Why You’ll Love This Recipe
Here’s why this dish is a total keeper in my kitchen:
- Simple yet flavorful: Minimal ingredients, maximum taste — perfect for busy nights.
- Restaurant-style at home: You get the same juicy chicken and melty topping without leaving your kitchen.
- Customizable: Great base recipe that adapts to your dietary needs and flavor preferences.
Meal-prep friendly: Keeps well in the fridge or freezer for quick weekday meals. - Comfort food made healthier: You control the oil, cheese, and salt — without losing that indulgent flavor.
This Texas Roadhouse Smothered Chicken Copycat Recipe has become one of my go-to comfort meals. The blend of juicy chicken, tender veggies, and gooey cheese hits every craving. Once you try it, you’ll see why it’s such a crowd favorite — and why making it at home feels just as special as dining out.

Texas Roadhouse Smothered Chicken Copycat Recipe
Ingredients
Method
- Start by piercing the chicken breasts with a fork 10–15 times on each side. This helps the Italian dressing seep in. Pour the dressing over the chicken in a bowl or ziplock bag and refrigerate for at least 2 hours — overnight if possible — for maximum tenderness and flavor.
- Preheat your oven to 400°F (200°C). Heat oil in a skillet over medium-high heat. Add the marinated chicken and sear for about 5 minutes per side, until golden brown. Remove from the pan and set aside.
- In the same skillet, lower the heat and melt the butter. Add sliced mushrooms and onions. Sauté for 5–7 minutes, stirring occasionally, until they’re soft and golden. This step builds that rich, restaurant-quality base flavor.

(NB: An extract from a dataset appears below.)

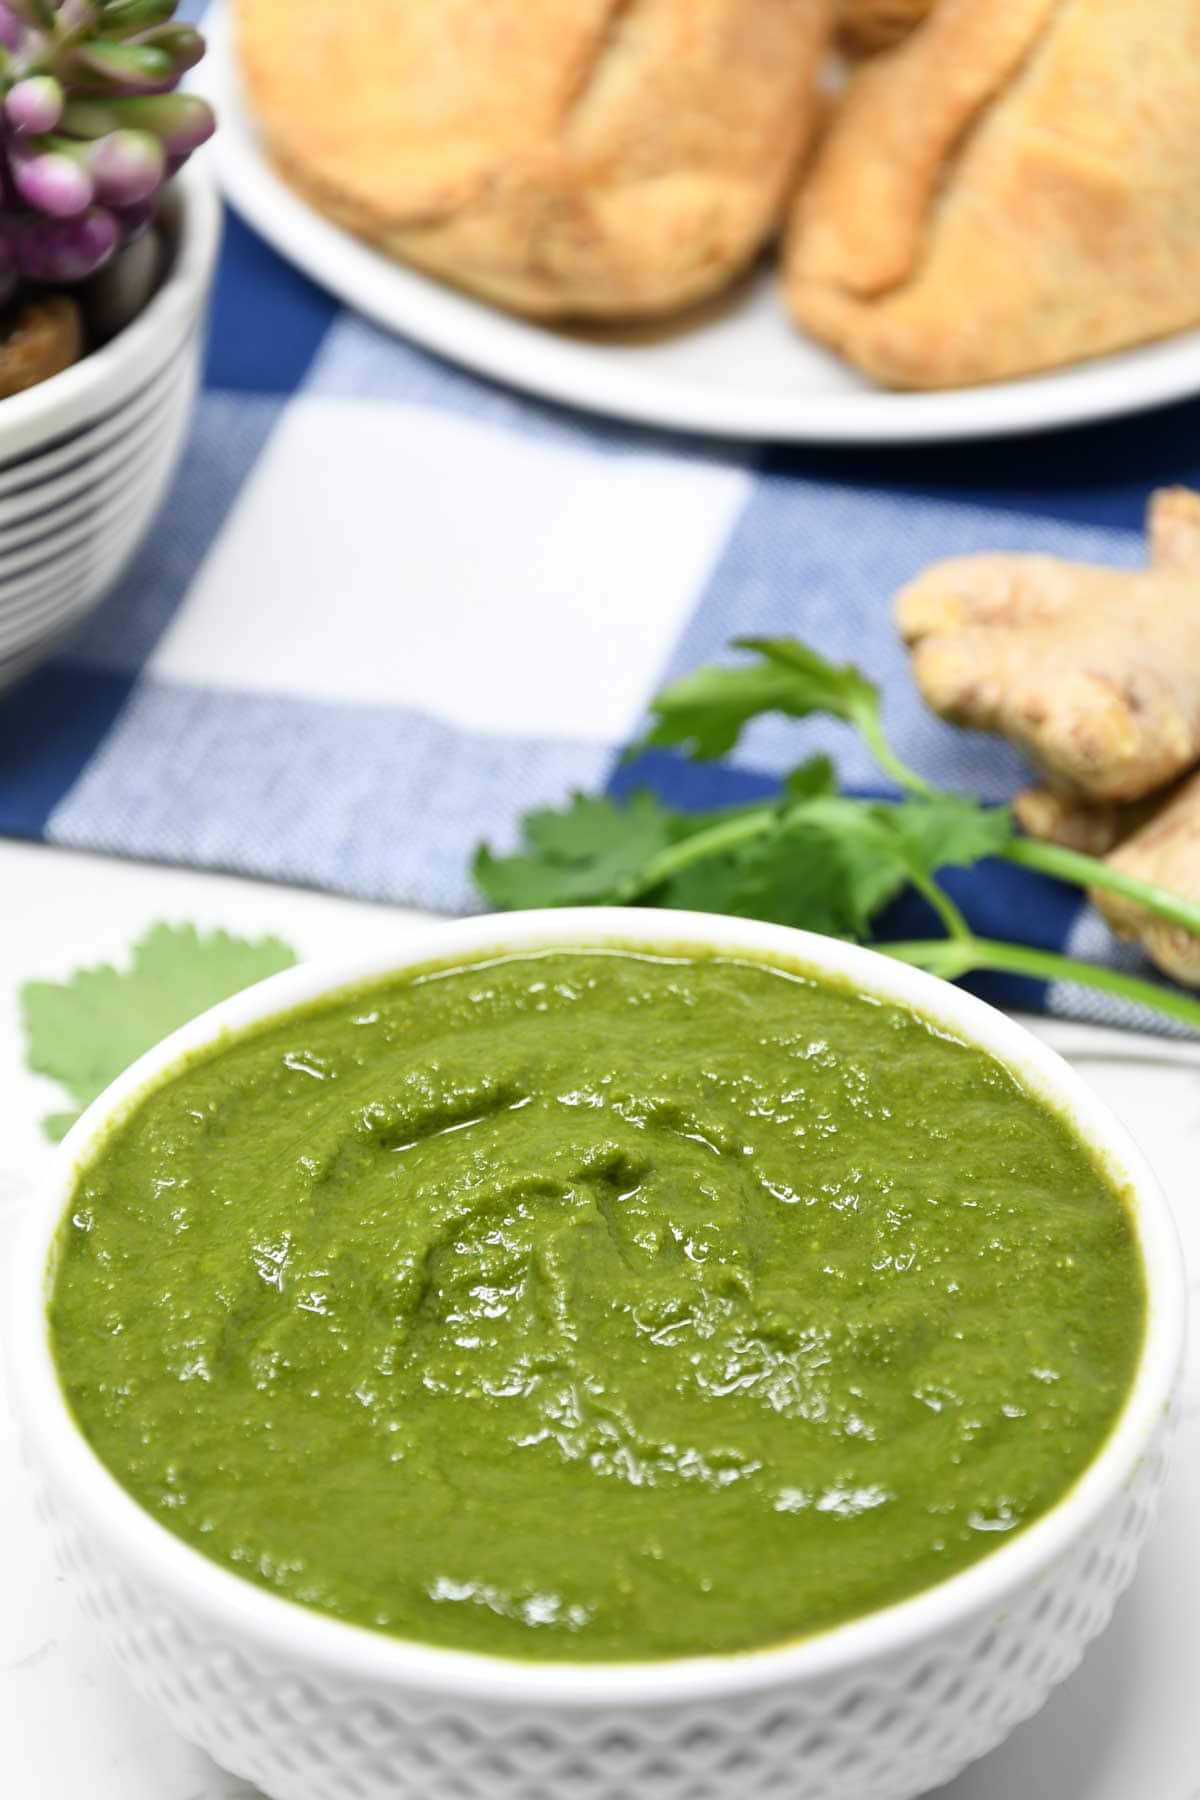 Green chutney served in a bowl.

- Pour a few tablespoons of water into the skillet to loosen any browned bits stuck at the bottom. Sprinkle in black pepper, garlic powder, onion powder, and salt. Stir everything together to coat the vegetables evenly with the seasoning.
- Push the veggies to the sides of the skillet, return the seared chicken to the center, and spoon the mushrooms and onions over the top. Lay slices of Monterey Jack cheese on each chicken breast. Transfer the skillet to the oven and bake for 10 minutes, or until the chicken reaches 165°F internally and the cheese is melted and bubbly.
- Once baked, spoon the flavorful pan juices over the chicken to keep it moist and glossy. Serve hot and watch how quickly it disappears!
Notes
- I always pat the chicken dry after marinating — it helps the chicken sear beautifully instead of steaming.
- Pound the chicken evenly for uniform cooking; this ensures every bite is tender.
- I heat my skillet until a drop of water sizzles — that’s when it’s perfect for searing.
- Let mushrooms sit for a couple of minutes before stirring — they’ll caramelize instead of getting soggy.
- I grate cheese from a block rather than using pre-shredded bread; it melts creamier and tastes richer.
- To make a light sauce, whisk in a touch of cornstarch mixed with chicken broth after sautéing the vegetables.